Channichthys is a genus of marine ray-finned fish belonging to the family Channichthyidae, the crocodile icefishes. They are native to the Southern Ocean.

==Taxonomy==
Channichthys was first formally described as a genus in 1844 by the Scottish naval surgeon, naturalist and Arctic explorer John Richardson when he described the unicorn icefish (Channichthys rhinoceratus) which he placed in a new monotypic genus.
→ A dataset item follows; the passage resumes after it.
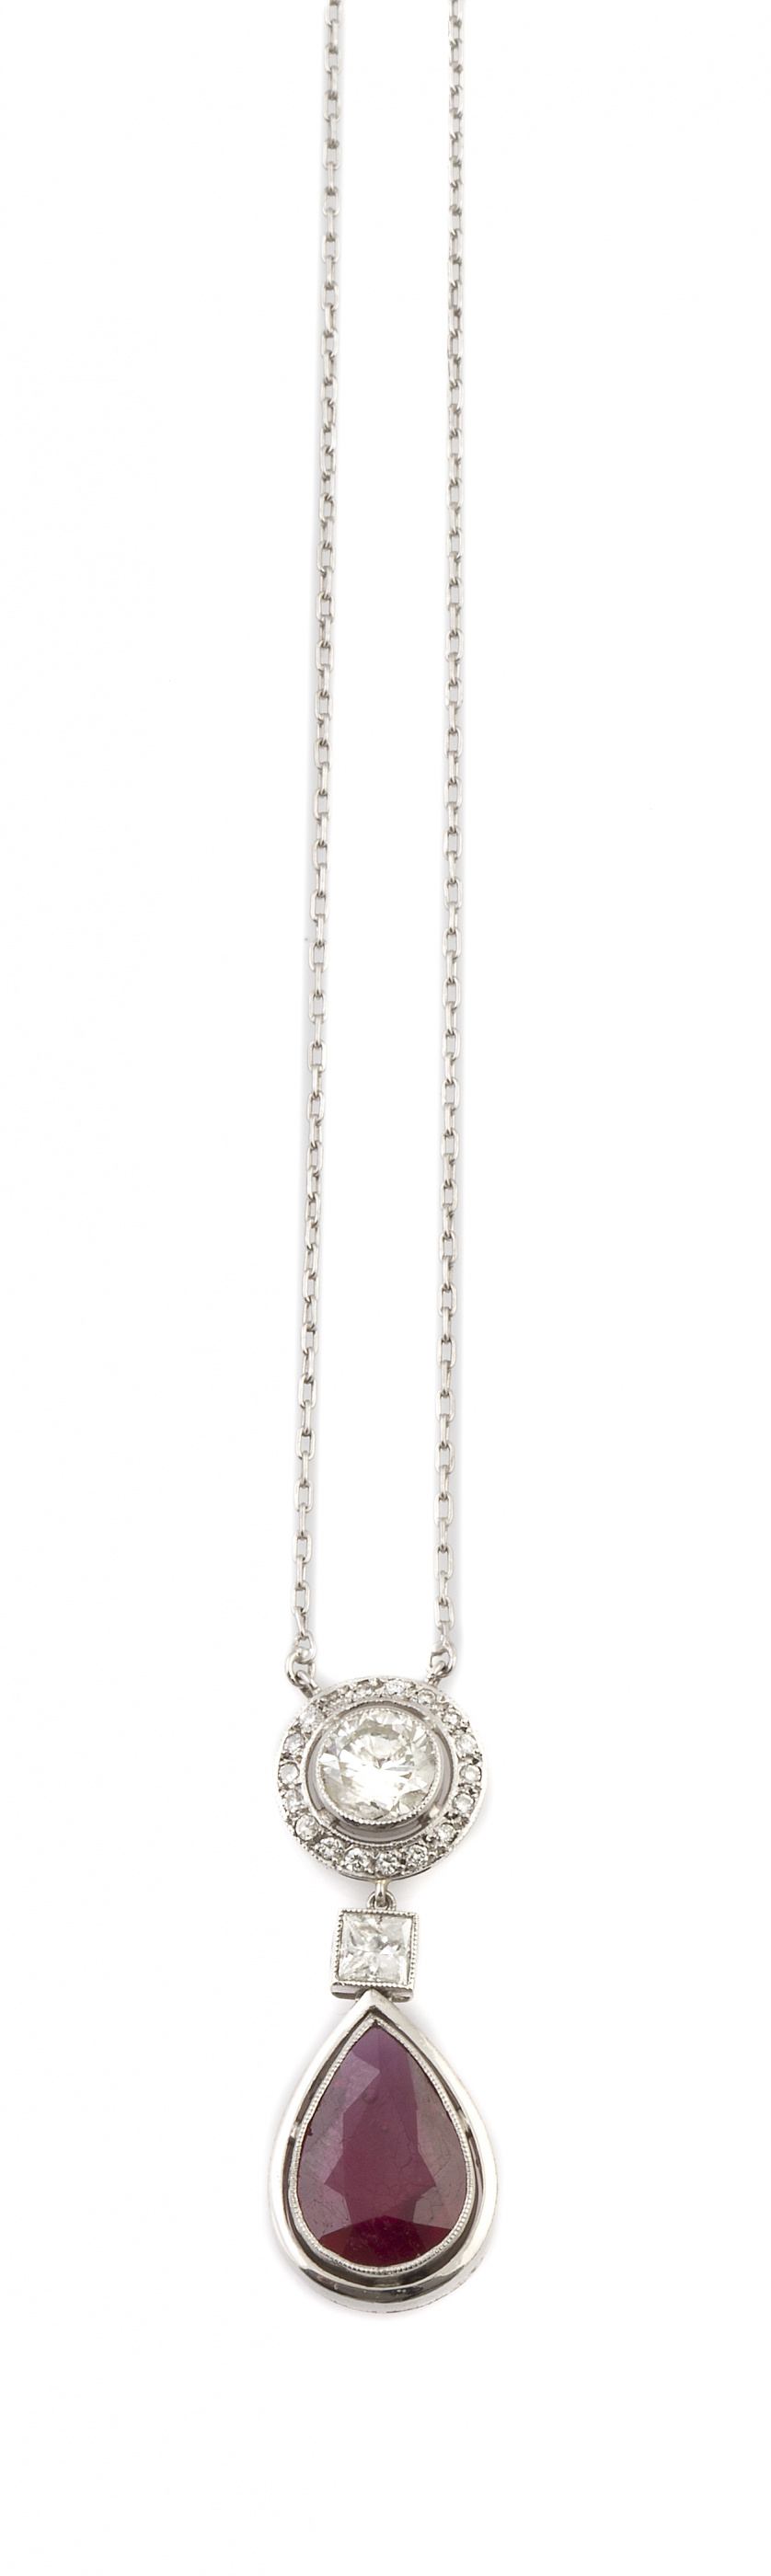 Pendentif estilo Art-Decó con rubí talla perilla de 4 ct ,q
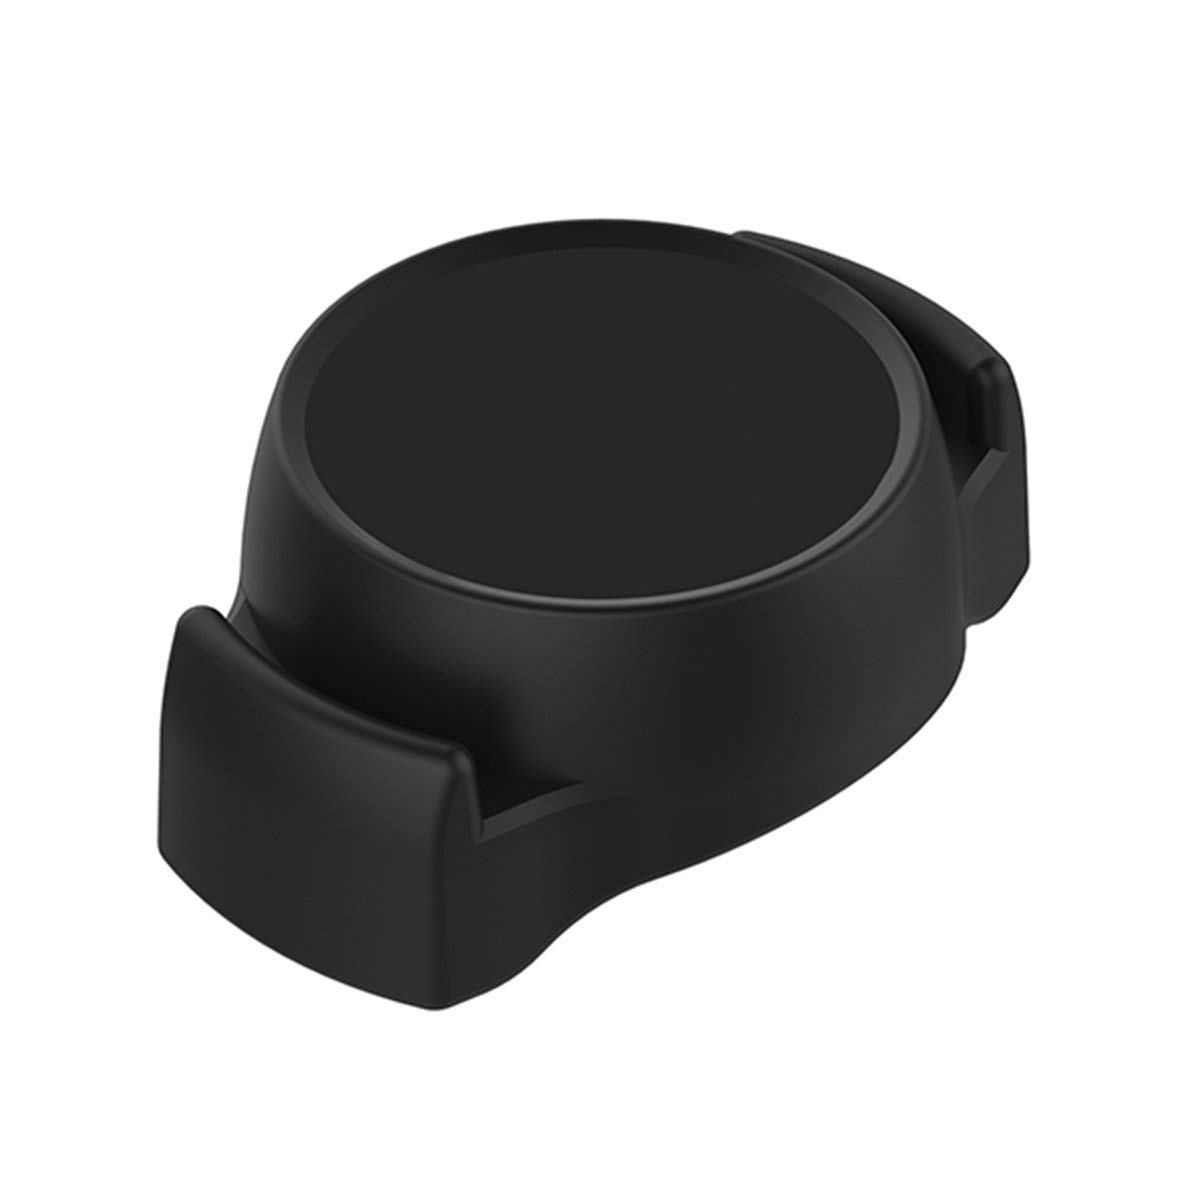 Crispsound Bike Speed Sensor & Cadence Sensor ANT+ Magnetless Waterproof Microminiature,IPX7 Ultra-Small Computer Speedometer

Subsequently up to nine species have been classified within Channichthys which is what FishBase does while Catalog of Fishes recognises 5 species while other authorities are of the view that the genus is monotypic and that C. rhinoceratus is the only species. The genus name is a compound of channos meaning "gape" and ichthys which means "fish", alluding to the wide gape of these fishes.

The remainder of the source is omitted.